İsrail'in bölgede kalıcı olma stratejisine dikkat çeken Taştekin, "İsrail, girdiği yerden savaş ya da bir barış anlaşması olmadan çıkmıyor. Ya Lübnan’da olduğu gibi çatışarak geri çekiliyor ya da Ürdün ve Mısır ile yaptığı gibi siyasi anlaşmalarla varlığını meşrulaştırıyor" ifadelerini kullandı.

Suriye yönetiminin İsrail’in saldırılarına karşı sessiz kalmasının nedenlerine de değinen Taştekin, "Yeni yönetim, kendisini uluslararası toplumda kabul ettirmek için İsrail’e alan açıyor. İsrail’e karşı sert tepki vermekten kaçınıyorlar. Ancak bu, Suriye’nin topraklarının ve su kaynaklarının elden gitmesi anlamına geliyor" şeklinde konuştu.

SURİYE'NİN STRATEJİK KAYIPLARI VE GELECEK SENARYOLARI

Fehim Taştekin, İsrail'in genişleme stratejisinin uzun vadeli etkilerini şu sözlerle değerlendirdi: "İsrail, vadedilmiş topraklar anlayışıyla hareket ediyor. Suriye topraklarını kendi güvenliği ve stratejik hedefleri doğrultusunda genişletiyor.

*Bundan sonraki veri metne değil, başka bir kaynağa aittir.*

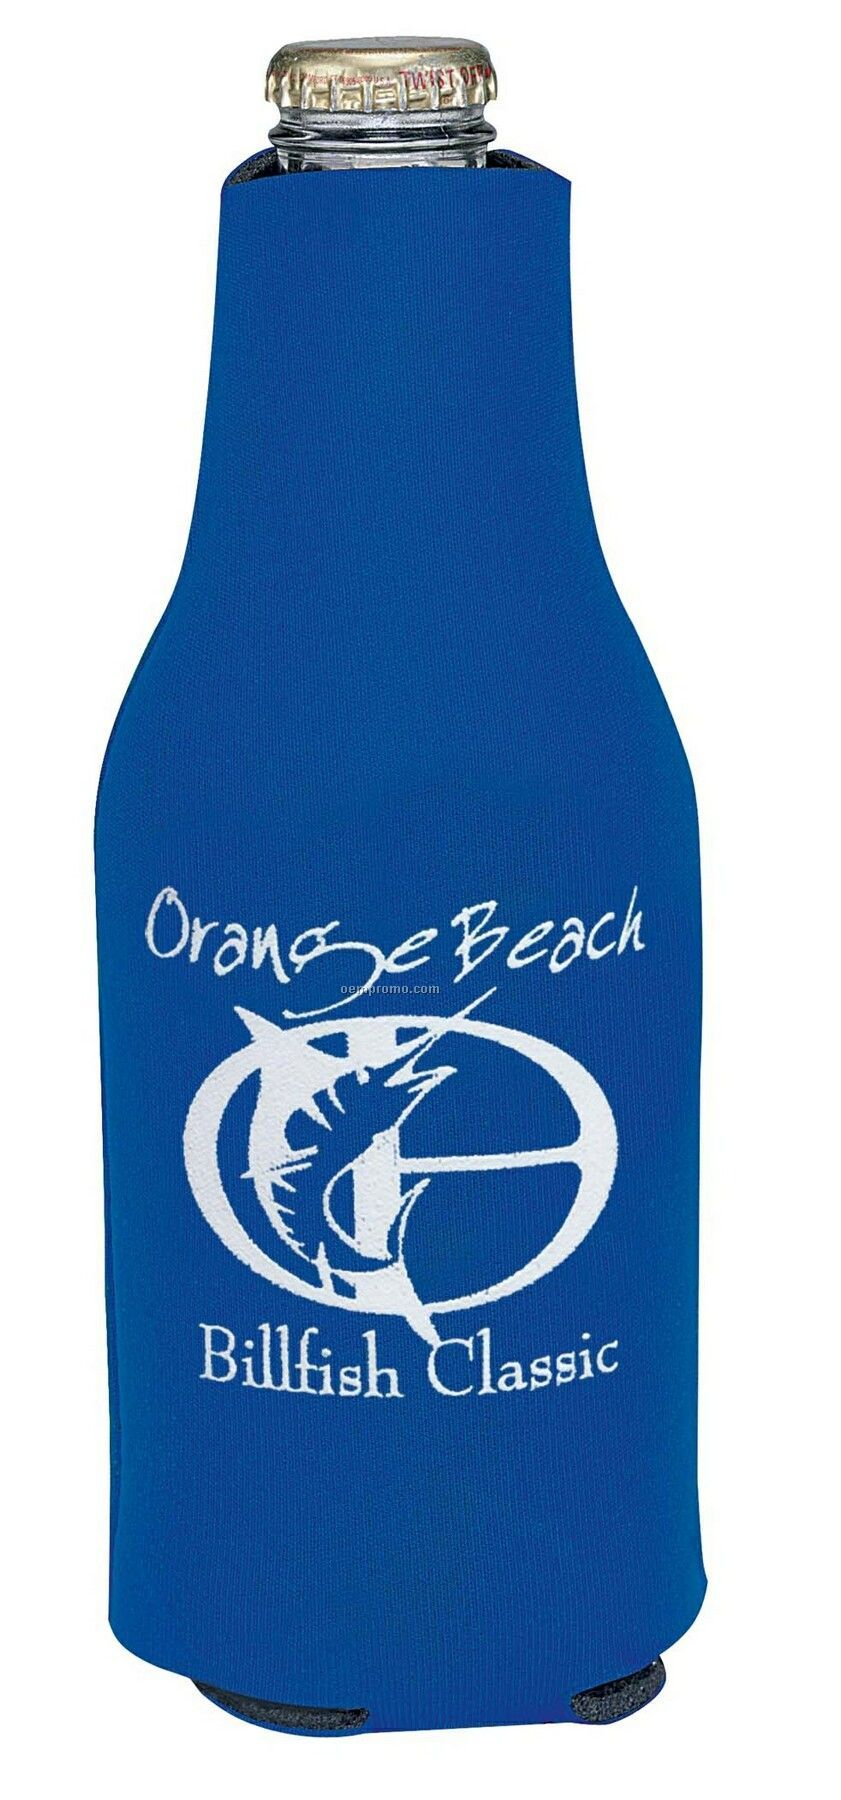 Rcc Koozie Zip-up Bottle Koozie Kooler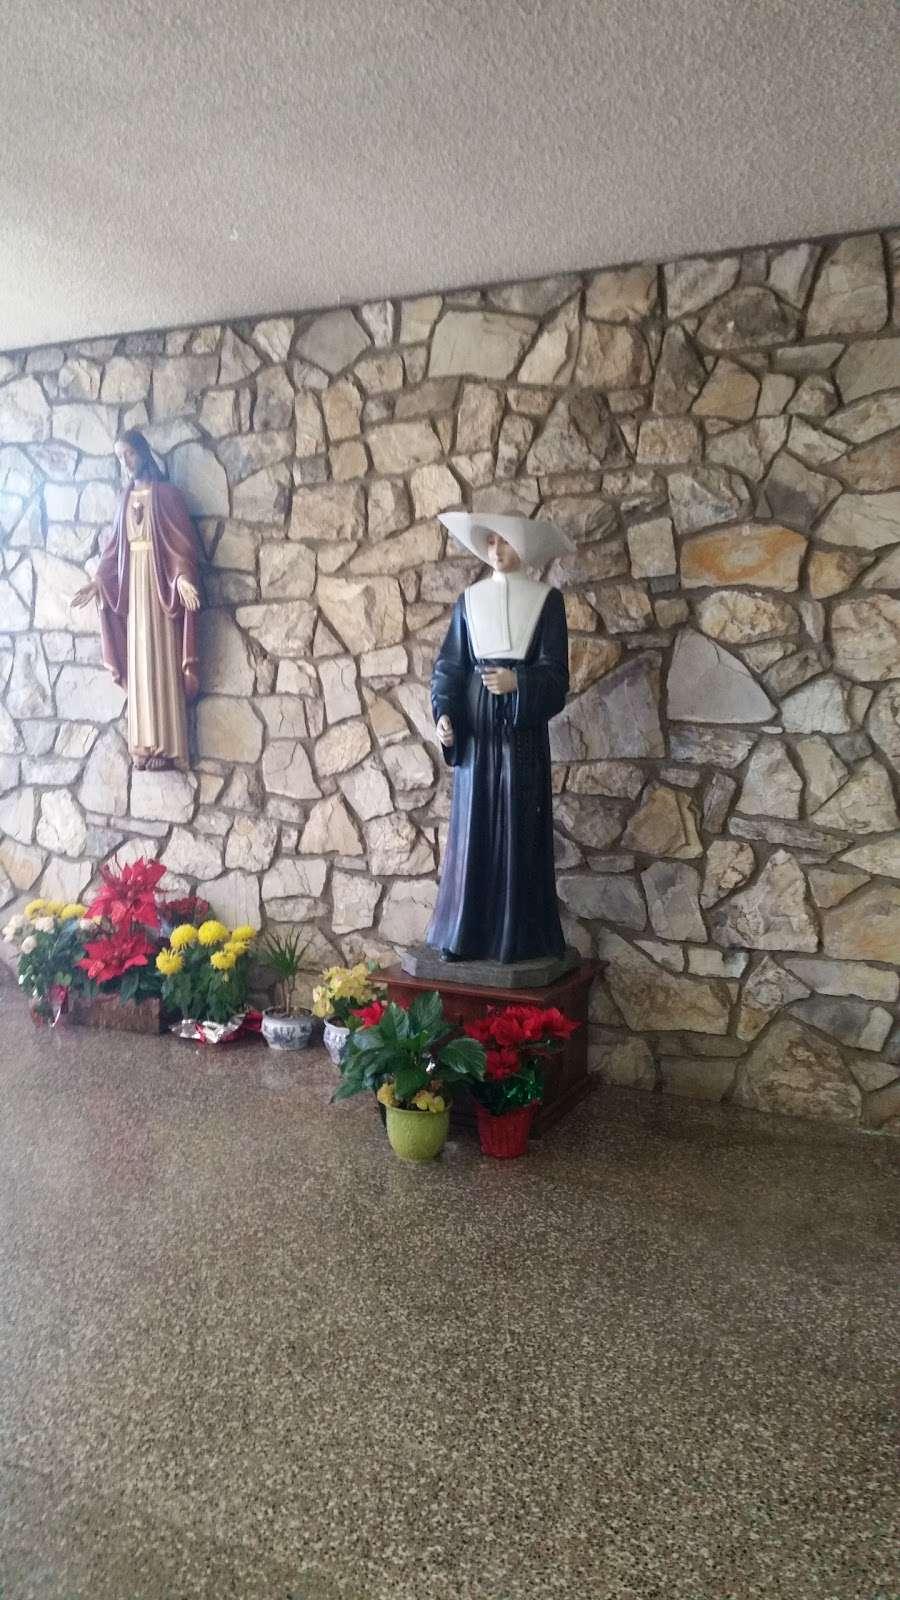 St. Catherine Laboure Church - church  | Photo 7 of 10 | Address: 3846 Redondo Beach Blvd, Torrance, CA 90504, USA | Phone: (310) 323-8900

Arap dünyasında İsrail’i durduracak bir irade kalmadı. 1973’te olduğu gibi petrol ambargosu gibi caydırıcı adımlar atılmıyor."

Son olarak Taştekin, İsrail’in Suriye’ye yönelik planlarının uzun vadeli olduğunu belirtti: "Bu bir erken uyarı değil, tarihten çıkarılan dersler ışığında geleceğin öngörüsüdür. İsrail, uluslararası toplum izin verdiği sürece genişlemeye devam edecek."